Thanks, it worked. I want to mention something in your code. In line 72 of 'stochastic_depth_resnet.py', when the device does not have a GPU, GPUtil.getAvailable returns []. In this case, GPUtil.getAvailable()[0] does not exist and your code gives an error. I fixed it in my system by just using gpu_device=str(0) instead.

aminnayebi commented 5 years ago

I have another general question. It seems that both codes of "cifar10_weight.py" and "stochastic_depth_resnet.py" are the same. Is it correct?
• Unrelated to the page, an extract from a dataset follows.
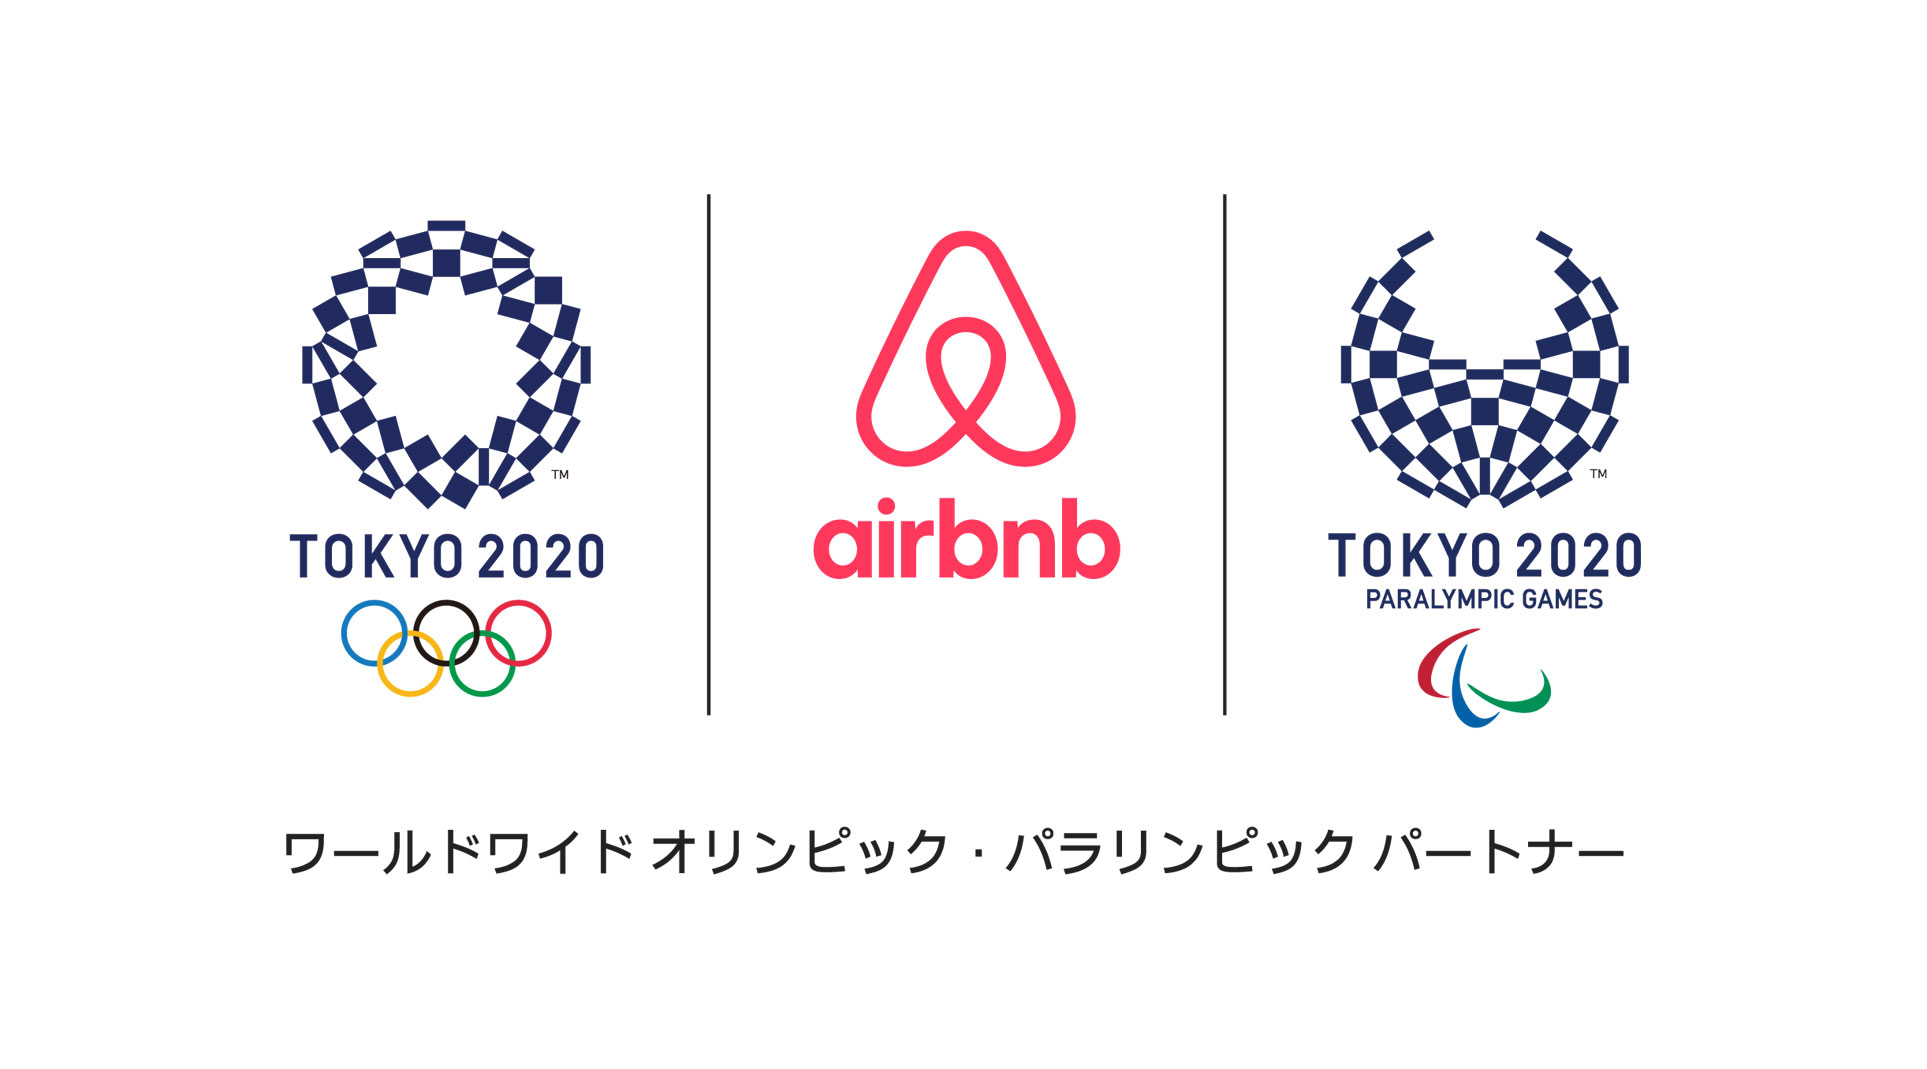 射撃競技の開催場所となる埼玉県和光市とairbnbが 東京オリンピック パラリンピック競技大会期間中の イベントホームステイ で連携

Are you saying that both of these codes (which seem are the same) are not complete yet and I cannot use them? Since I faced another error, first I want to know that is it worth that I keep going and try to fix them?

ChangYong-Oh commented 5 years ago

cifar10_weight.py is not complete code. stochastic_depth_resnet.py was used to make the number in the paper. Using stochastic_depth_resnet.py should be fine. But the info about stochastic_depth_resnet.py is not complete yet. you can ask me questions about that.

aminnayebi commented 5 years ago

Thanks. Let me first ask a question about mnist_weight. I am running your code with test function "mnist_weight" on a GPU node. The code starts sampling 2 points but it is stuck in "Acquisition function optimization with 2 inits" step for 2 hours and does not proceed. Is it natural, or I am doing something wrong?

ChangYong-Oh commented 5 years ago

It shouldn't take that long. evaluation of mnist_weight shows progressbar

aminnayebi commented 5 years ago

Could you please take a look at this screenshot. It might show something that I am doing wrong?

image

After 2 hours, it shows no progress in the algorithm and the log files folder is empty. I tested the algorithm for Branin function, and it worked well. But when I am using the mnist_weight function, it is stuck.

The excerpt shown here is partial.